Madrid – “Aquel a quien siempre consideraré como el mejor y el más inteligente de los hombres que yo haya conocido…”, esta es la última y desgarradora frase con la que a cualquier fan de Sherlock Holmes que se digne de ello se le arrugó el corazón leyendo “El Problema Final”, el relato con el que Arthur Conan Doyle pondría fin a la carrera del detective luego de verse superado por su avasallante éxito. El lector siente un vacío en el pecho contagiado por el indescriptible dolor de Watson, ya no tanto por la muerte de Holmes sino por la soledad en la quedará sumido el leal doctor sin su amigo. Las cataratas de Reichenbach demandaron un sacrificio para detener al más peligroso de los criminales y aunque el que cayó fue Holmes, el que verdaderamente murió fue Watson.

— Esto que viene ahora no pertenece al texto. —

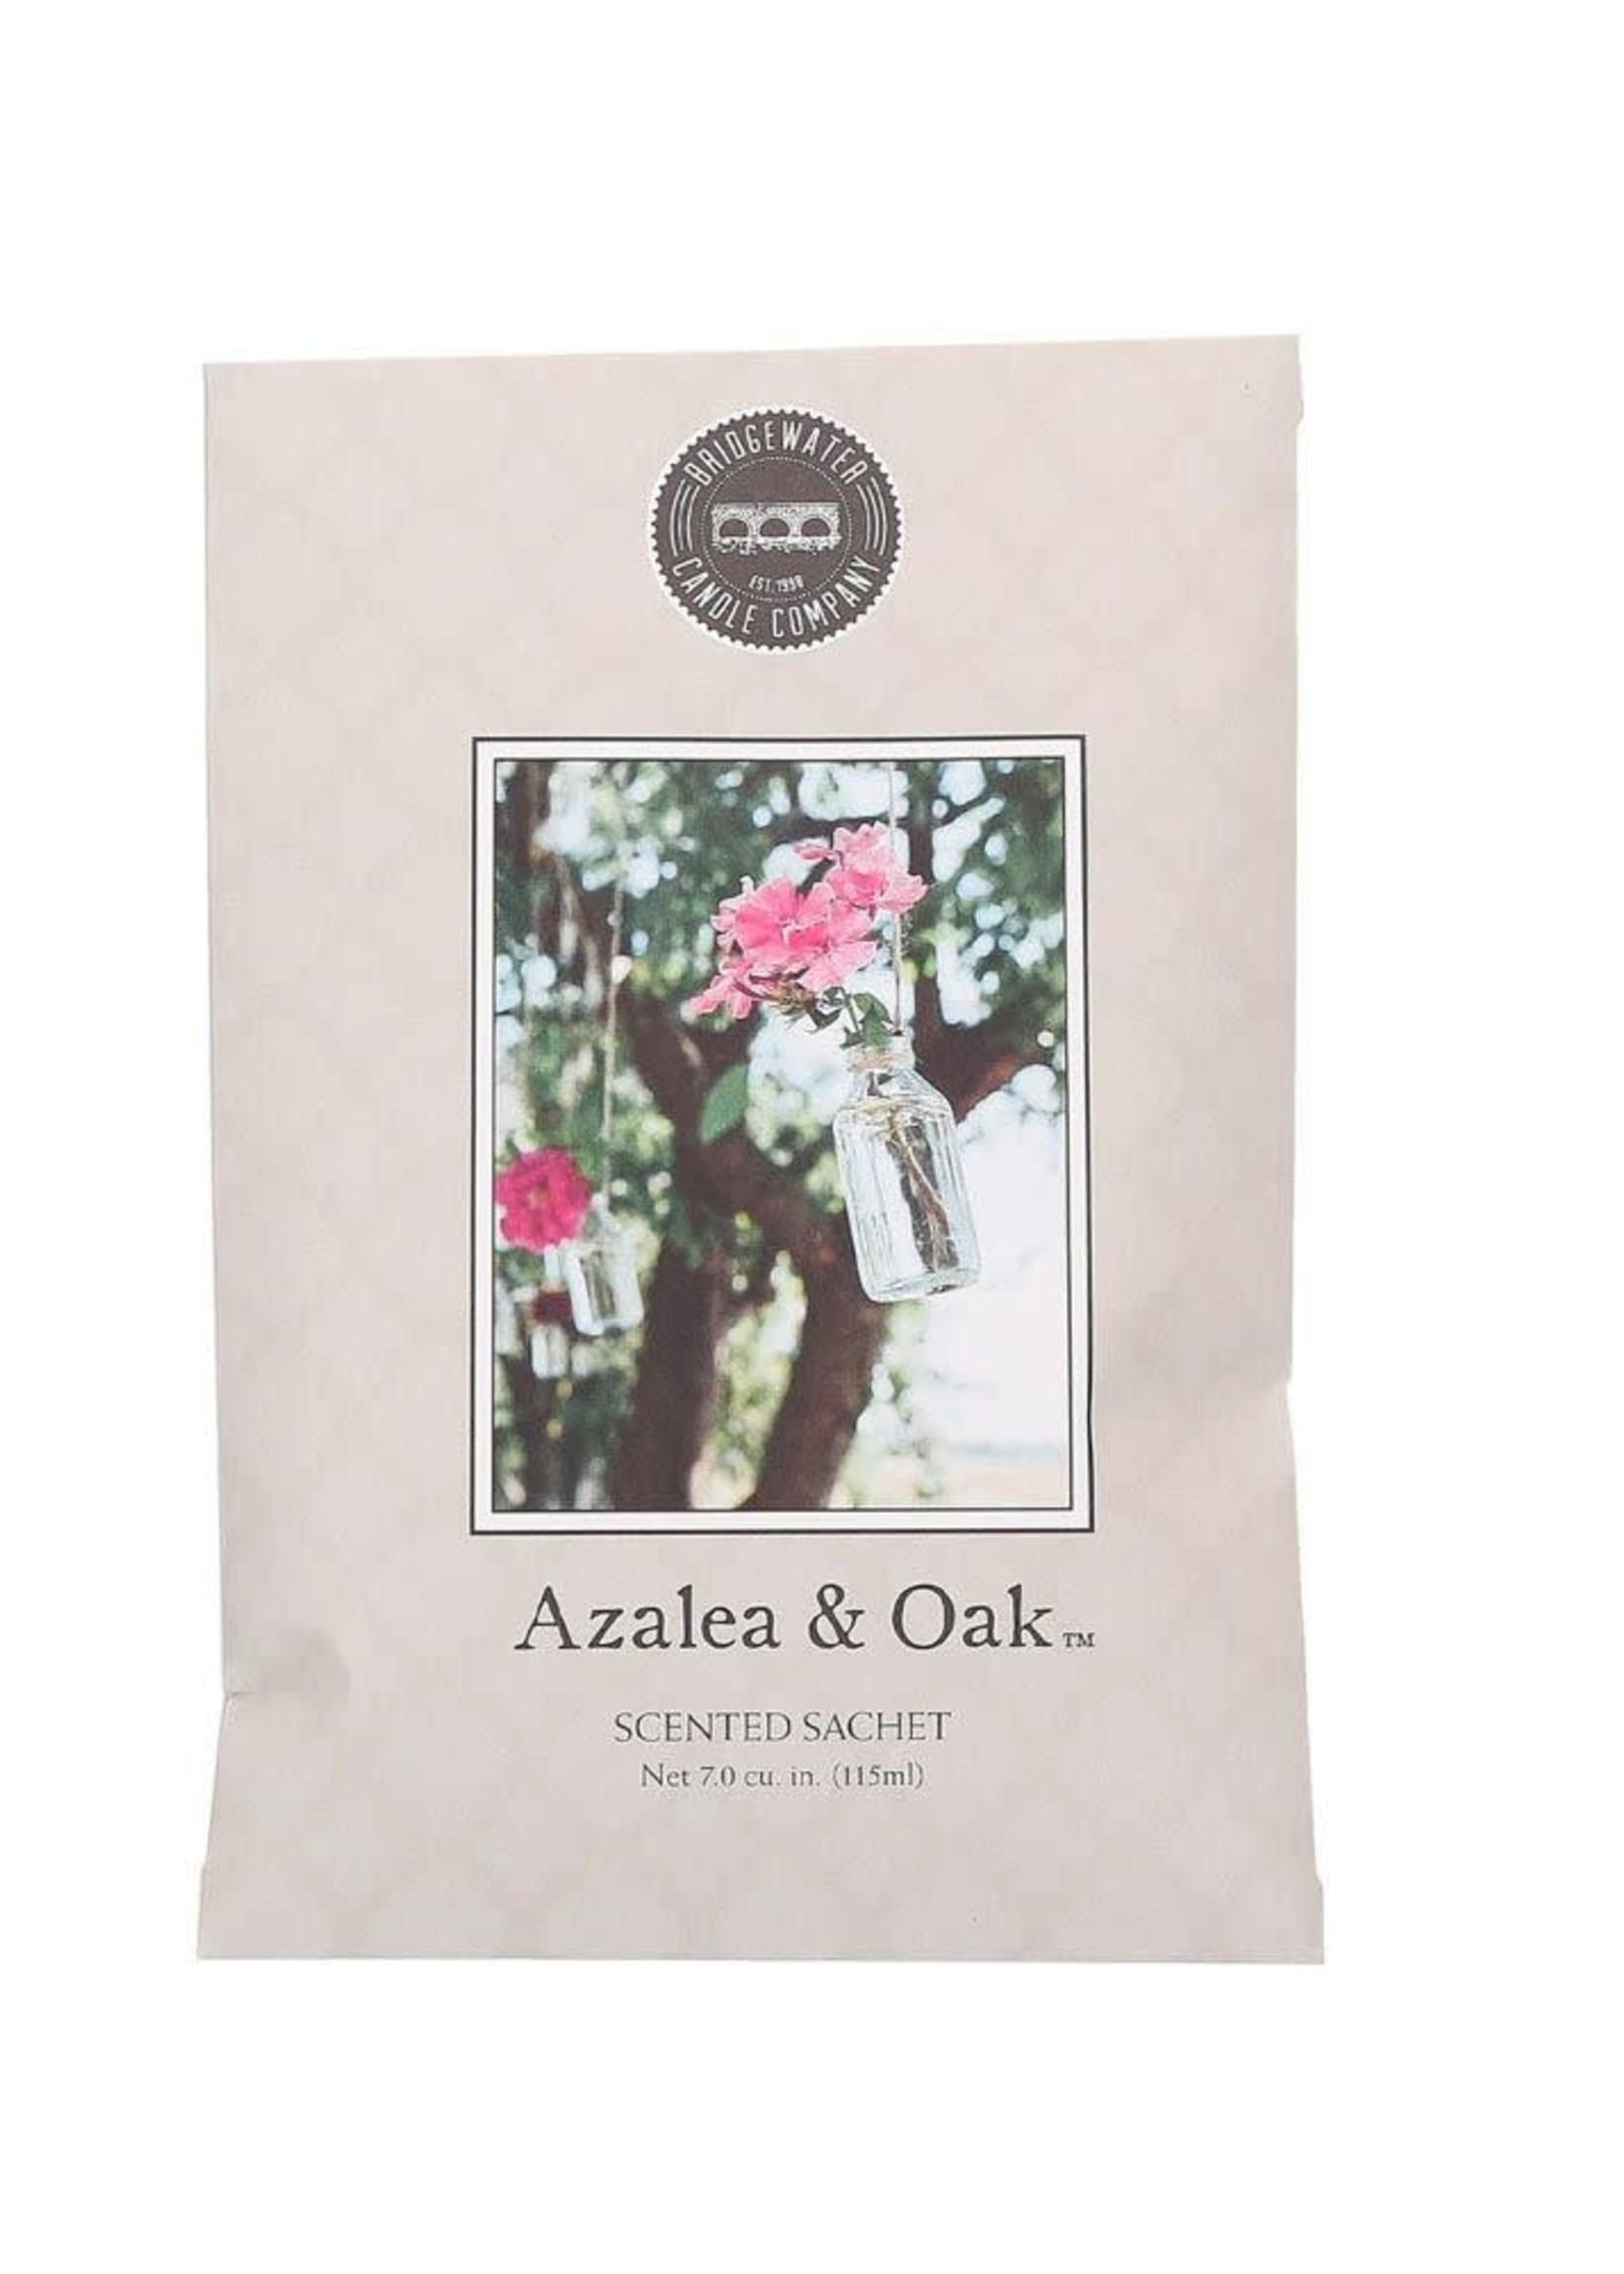 Scented Sachet Azalea & Oak

La despedida de un detective literario es un evento particularmente triste, pues sus enrevesadas travesías son los retratos más auténticos de aquel mundo callejero y subterráneo que se esconde en las entrañas de toda ciudad. Allí donde solo la justicia se atreve a bajar para llevar un chispazo de luz a lo más profundo de las tinieblas urbanas. Mientras arriba en la superficie la sociedad vive el dulce sueño de la ignorancia, los detectives deben arremangarse la camisa y ensuciarse la gabardina si realmente están dispuestos a desvelar toda la verdad hasta la última página. Ellos son los “paladines de la Ley”, como bien lo definiría Watson en el epílogo que fungiría como homenaje a Holmes.

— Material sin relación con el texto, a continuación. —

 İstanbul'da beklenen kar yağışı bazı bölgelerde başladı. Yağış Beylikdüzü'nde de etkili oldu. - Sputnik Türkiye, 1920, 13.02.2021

El próximo en decir adiós será Salvo Montalbano, el famosísimo comisario siciliano creado por el prolífico Andrea Camilleri, autor italiano que durante 25 años escribió, con religiosidad beata y muy a pesar de su ceguera, 39 tomos cortos con las aventuras de su irreverente personaje. El último de ellos, “Riccardino”, acaba de ser publicado en Italia de forma póstuma siguiendo las estrictas instrucciones que Camilleri dejó a sus editores antes de morir. Amante de la comida de su tierra y lector empedernido, Montalbano fue una apuesta por presentarle al mundo una Sicilia más allá de El Padrino, un rocambolesco agente de la justicia que planta cara a los villanos romantizados a los que Camilleri nunca dudó en criticar abiertamente.
Pero así como Montalbano sabe a pasta y pesto, muchos otros detectives de papel como él han alcanzado la inmortalidad como íconos de sus países. Solo hace falta echar un vistazo al Mario Conde de Leonardo Padura, atravesando el bochorno cubano para resolver intrincados misterios con bajo presupuesto; al Kostas Jaritos de Petros Márkaris, desentrañando complejas tramas empresariales en la Atenas moderna; a la Lisbeth Salander de Stieg Larsson, haciendo temblar a los poderosos de Suecia desde la pantalla de su computador; al Harry Hole de Jo Nesbø, sobreponiéndose a sus demonios personales para hacer de Oslo un lugar más seguro; o al Robert Langdon de Dan Brown, cuya única habilidad es saber de arte, pero que le basta para desmantelar los más sofisticados planes de cualquier sociedad secreta milenaria. Lloraremos a cada uno cuando se vayan.